Work request: Determine how many lines of the material below contain "Women". Report only that figure.
***** Record excerpts
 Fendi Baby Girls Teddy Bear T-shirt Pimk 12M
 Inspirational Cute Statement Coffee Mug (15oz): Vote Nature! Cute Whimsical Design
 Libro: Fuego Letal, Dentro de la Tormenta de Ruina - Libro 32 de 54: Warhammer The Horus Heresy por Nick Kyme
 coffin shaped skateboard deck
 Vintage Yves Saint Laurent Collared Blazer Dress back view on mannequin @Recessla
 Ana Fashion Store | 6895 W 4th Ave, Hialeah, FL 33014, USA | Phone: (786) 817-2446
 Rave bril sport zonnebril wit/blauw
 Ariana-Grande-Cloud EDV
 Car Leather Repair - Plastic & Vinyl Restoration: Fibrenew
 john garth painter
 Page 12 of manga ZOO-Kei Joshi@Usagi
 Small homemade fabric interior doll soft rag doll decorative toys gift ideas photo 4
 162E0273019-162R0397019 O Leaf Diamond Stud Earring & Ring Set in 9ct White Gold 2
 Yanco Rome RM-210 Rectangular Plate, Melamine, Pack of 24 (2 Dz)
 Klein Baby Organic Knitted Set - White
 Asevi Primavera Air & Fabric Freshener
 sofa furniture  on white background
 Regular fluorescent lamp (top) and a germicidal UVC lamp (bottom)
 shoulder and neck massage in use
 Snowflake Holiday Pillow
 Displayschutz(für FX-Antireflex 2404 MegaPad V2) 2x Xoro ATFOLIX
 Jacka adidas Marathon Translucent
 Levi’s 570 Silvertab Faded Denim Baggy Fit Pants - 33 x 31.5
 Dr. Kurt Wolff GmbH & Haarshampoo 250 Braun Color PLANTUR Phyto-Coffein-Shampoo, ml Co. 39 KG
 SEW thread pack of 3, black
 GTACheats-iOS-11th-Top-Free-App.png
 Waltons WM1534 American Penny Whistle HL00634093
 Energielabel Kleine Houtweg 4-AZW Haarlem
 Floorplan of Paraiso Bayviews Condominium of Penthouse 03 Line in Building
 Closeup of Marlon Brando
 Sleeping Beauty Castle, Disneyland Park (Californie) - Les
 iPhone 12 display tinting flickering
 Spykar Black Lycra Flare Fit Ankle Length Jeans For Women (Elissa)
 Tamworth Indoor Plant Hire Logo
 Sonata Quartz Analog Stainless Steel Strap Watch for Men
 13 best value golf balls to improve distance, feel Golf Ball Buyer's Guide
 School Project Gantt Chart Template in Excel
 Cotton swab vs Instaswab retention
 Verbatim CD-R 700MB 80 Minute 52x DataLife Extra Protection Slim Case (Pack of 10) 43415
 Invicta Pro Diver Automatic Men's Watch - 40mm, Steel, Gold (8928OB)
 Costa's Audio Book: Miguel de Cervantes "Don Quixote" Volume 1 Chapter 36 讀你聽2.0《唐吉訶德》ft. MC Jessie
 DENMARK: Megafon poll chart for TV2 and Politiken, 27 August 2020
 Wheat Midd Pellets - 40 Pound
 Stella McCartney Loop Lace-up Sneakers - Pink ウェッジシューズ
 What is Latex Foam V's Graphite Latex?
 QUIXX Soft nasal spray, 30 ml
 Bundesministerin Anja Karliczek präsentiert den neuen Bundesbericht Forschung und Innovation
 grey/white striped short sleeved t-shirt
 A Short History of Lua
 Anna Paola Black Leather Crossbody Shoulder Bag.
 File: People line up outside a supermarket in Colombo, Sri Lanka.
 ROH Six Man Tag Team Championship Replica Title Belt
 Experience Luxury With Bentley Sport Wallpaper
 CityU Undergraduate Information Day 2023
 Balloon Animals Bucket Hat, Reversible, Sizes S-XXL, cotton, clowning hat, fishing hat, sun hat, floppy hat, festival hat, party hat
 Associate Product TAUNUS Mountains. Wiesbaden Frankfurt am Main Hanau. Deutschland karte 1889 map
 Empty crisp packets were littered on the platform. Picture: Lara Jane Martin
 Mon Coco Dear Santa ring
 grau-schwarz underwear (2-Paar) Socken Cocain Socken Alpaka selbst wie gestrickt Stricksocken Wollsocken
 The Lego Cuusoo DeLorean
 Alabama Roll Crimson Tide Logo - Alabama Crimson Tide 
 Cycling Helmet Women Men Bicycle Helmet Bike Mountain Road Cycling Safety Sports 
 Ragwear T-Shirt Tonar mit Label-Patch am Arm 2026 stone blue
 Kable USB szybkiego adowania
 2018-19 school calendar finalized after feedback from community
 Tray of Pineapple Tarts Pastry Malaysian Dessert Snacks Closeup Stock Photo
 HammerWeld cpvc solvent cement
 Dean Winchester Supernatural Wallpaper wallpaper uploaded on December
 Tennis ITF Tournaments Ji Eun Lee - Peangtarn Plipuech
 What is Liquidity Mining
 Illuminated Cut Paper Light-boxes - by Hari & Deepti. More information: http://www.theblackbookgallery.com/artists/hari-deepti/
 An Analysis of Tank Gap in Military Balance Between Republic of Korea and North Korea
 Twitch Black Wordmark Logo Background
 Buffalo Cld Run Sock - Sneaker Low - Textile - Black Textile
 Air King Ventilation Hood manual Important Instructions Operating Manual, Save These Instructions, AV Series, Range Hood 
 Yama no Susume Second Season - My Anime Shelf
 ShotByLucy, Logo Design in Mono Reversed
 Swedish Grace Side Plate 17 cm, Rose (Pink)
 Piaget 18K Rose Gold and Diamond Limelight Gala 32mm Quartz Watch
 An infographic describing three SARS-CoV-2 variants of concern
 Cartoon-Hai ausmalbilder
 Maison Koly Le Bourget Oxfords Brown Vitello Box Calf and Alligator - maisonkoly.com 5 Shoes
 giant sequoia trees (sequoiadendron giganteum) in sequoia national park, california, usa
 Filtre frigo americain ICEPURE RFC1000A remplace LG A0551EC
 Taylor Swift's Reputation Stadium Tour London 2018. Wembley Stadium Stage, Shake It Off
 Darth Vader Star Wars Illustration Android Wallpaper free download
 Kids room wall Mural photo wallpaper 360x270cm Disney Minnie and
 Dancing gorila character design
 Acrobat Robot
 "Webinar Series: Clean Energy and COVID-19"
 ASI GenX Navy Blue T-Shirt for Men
**********
Response to this task: 2